— Your objective —
Transcribe the lines below exactly, beginning with the line that holds "Figure US09107958-20150818-C00016" and ending with the final line, both included. Pictures are to be left out.

— Exercise data —
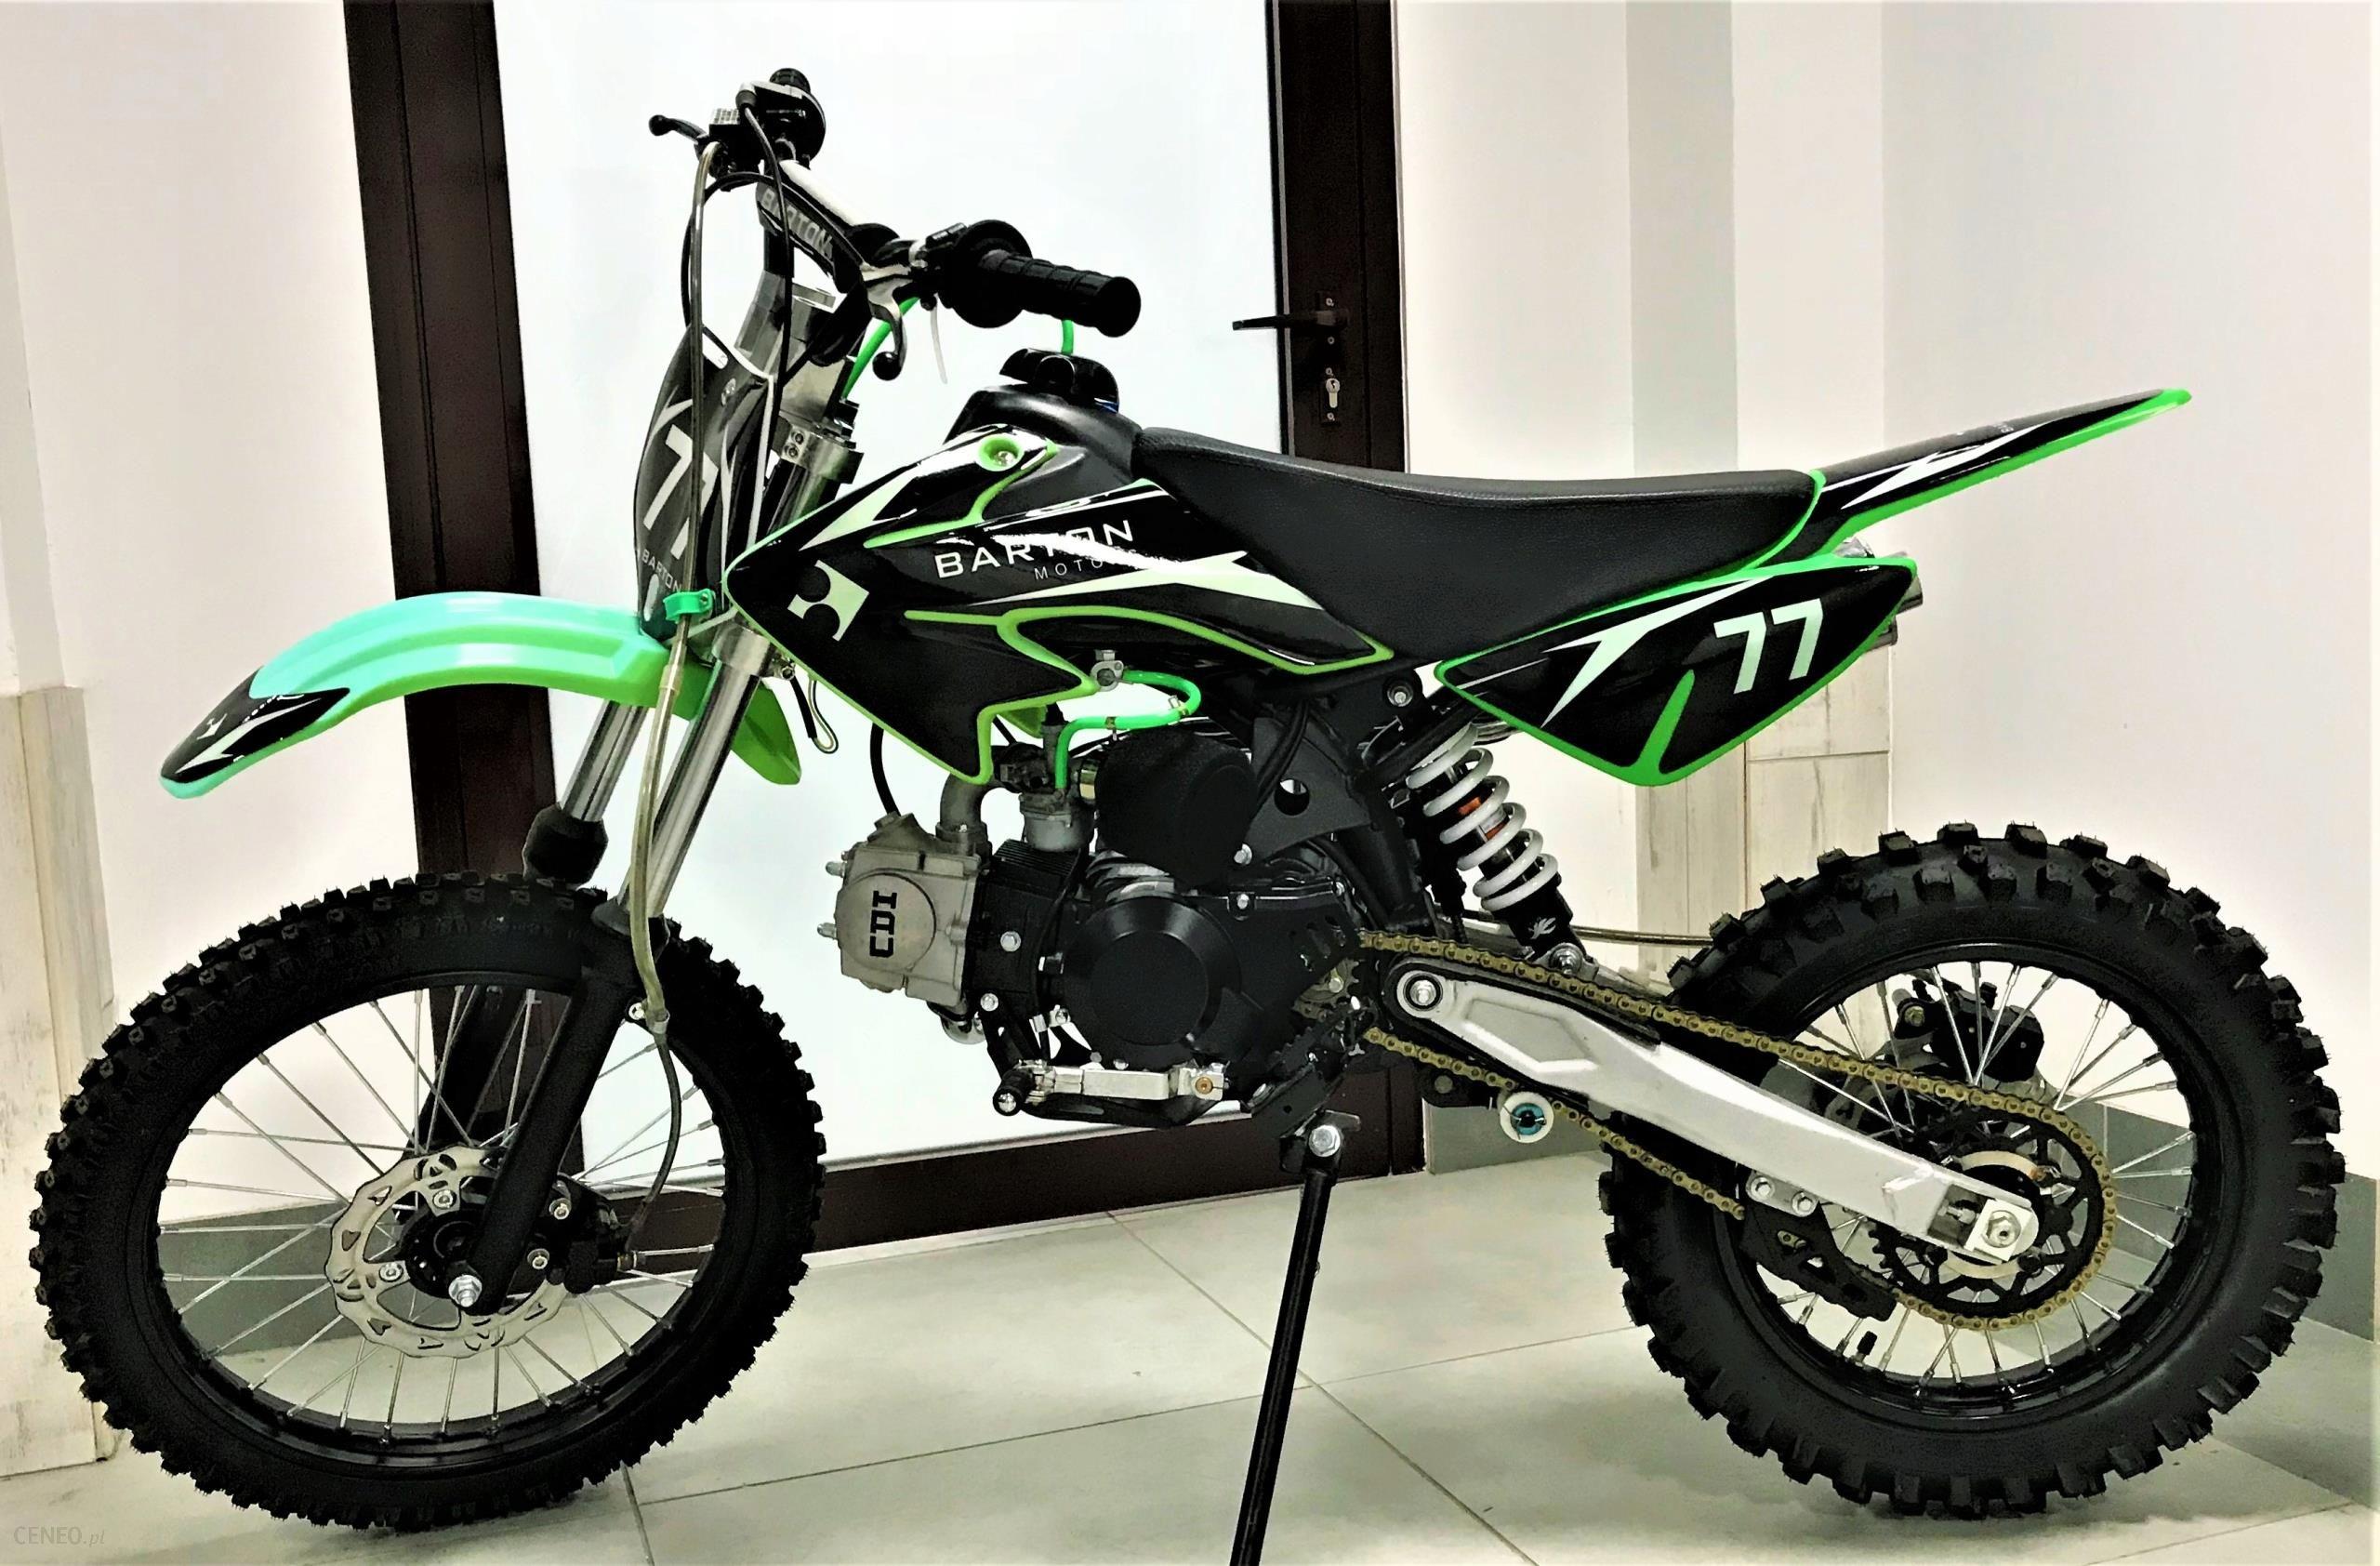 Motocykl Barton Db 125 Cross Enduro Pitbike 125cm Opinie I Ceny Na Ceneo Pl
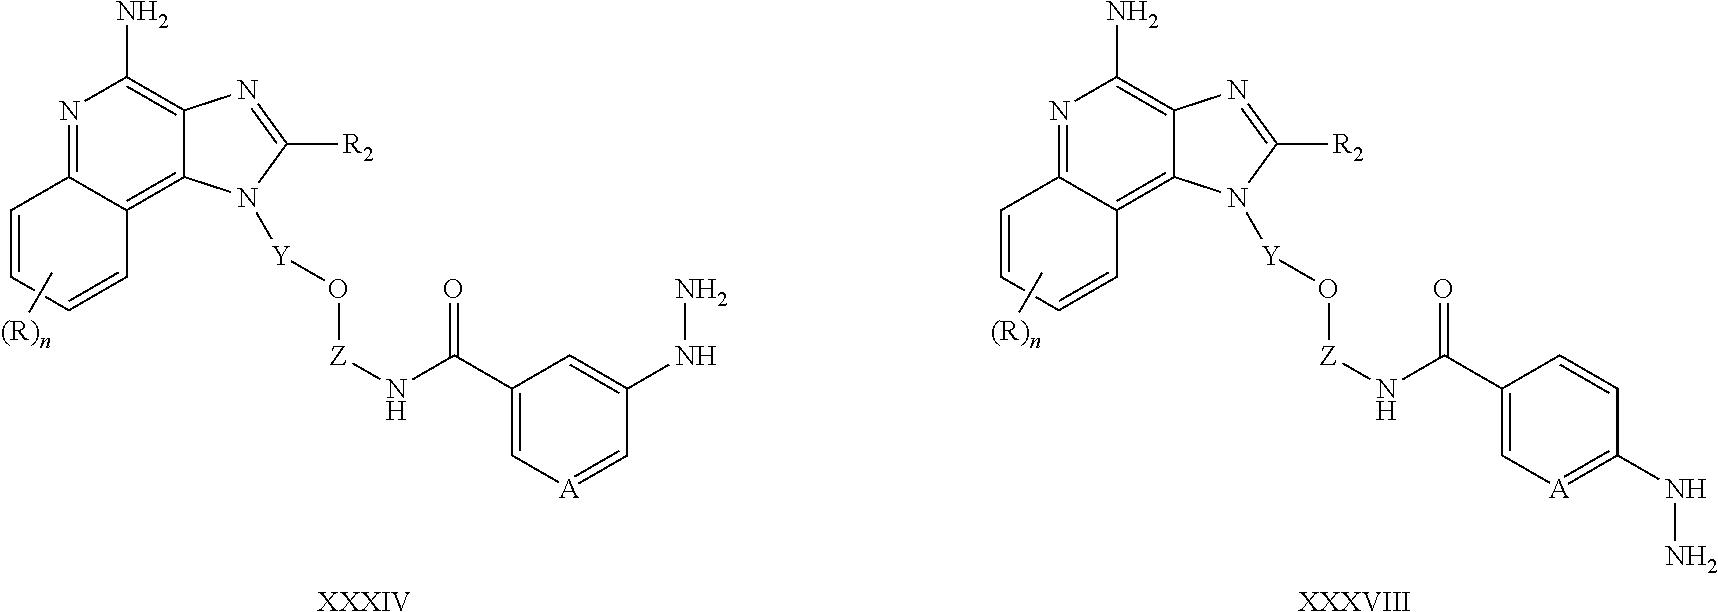 Figure US09107958-20150818-C00016
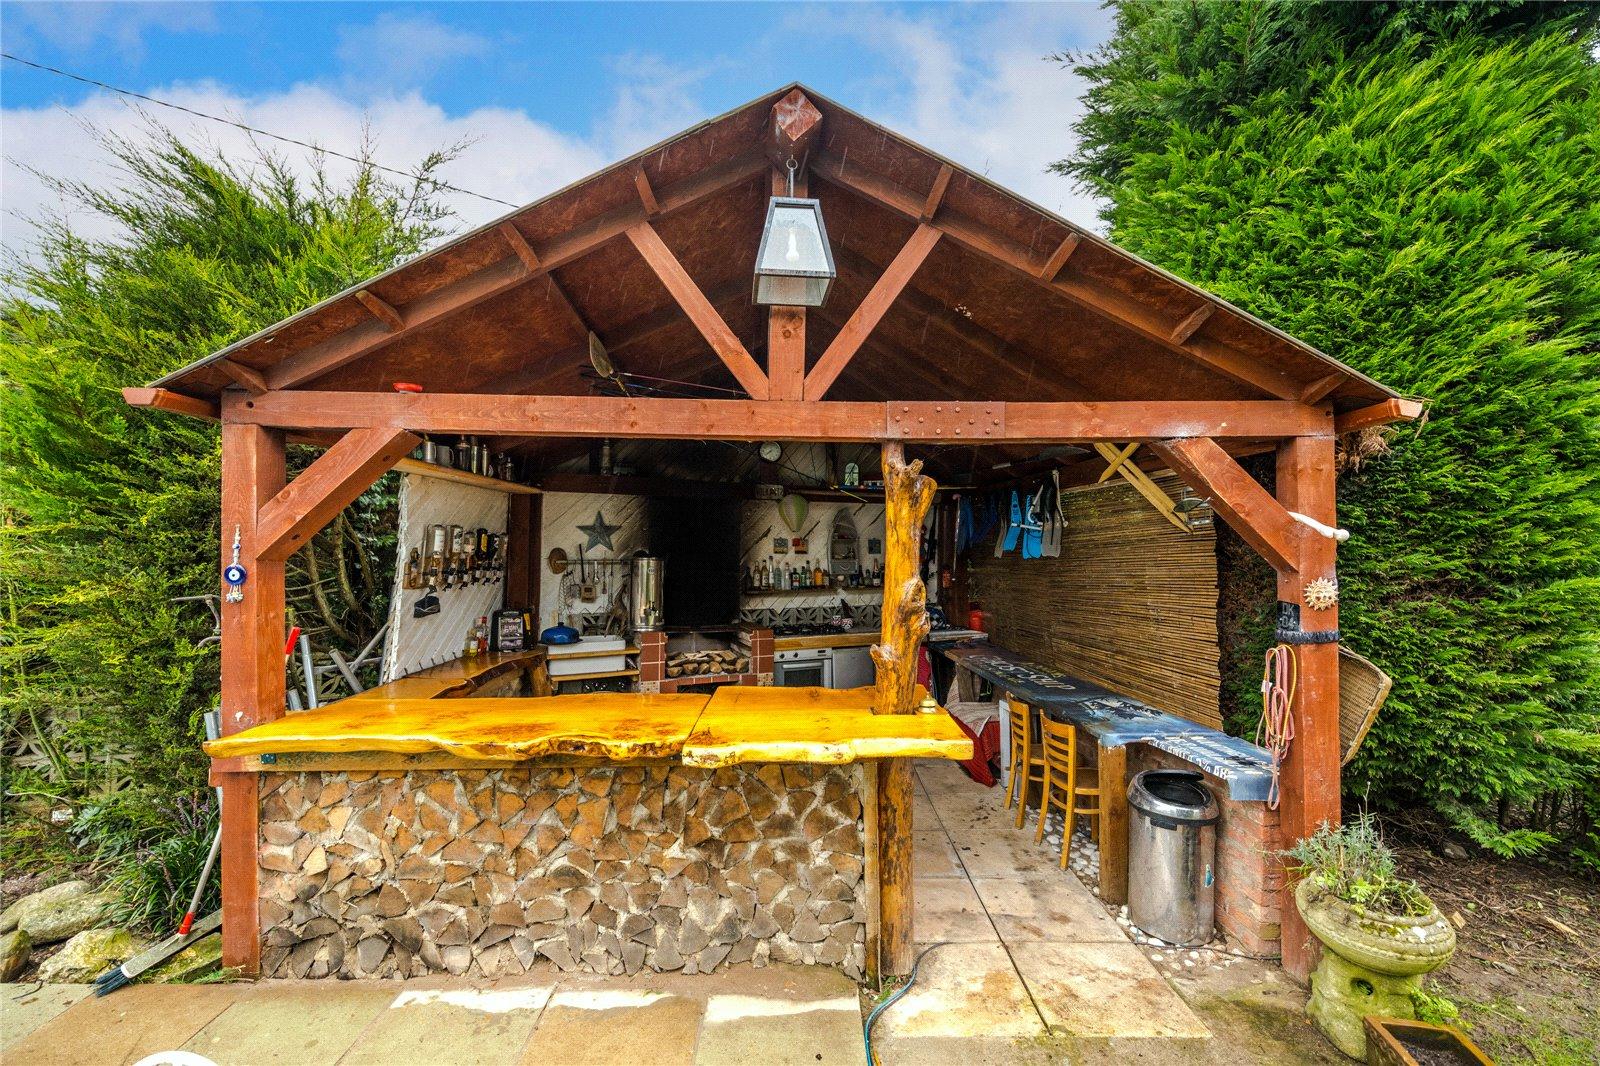 outdoor tilkki style wooden bar and kitchen

— Answer to this problem —
 Figure US09107958-20150818-C00016
 outdoor tilkki style wooden bar and kitchen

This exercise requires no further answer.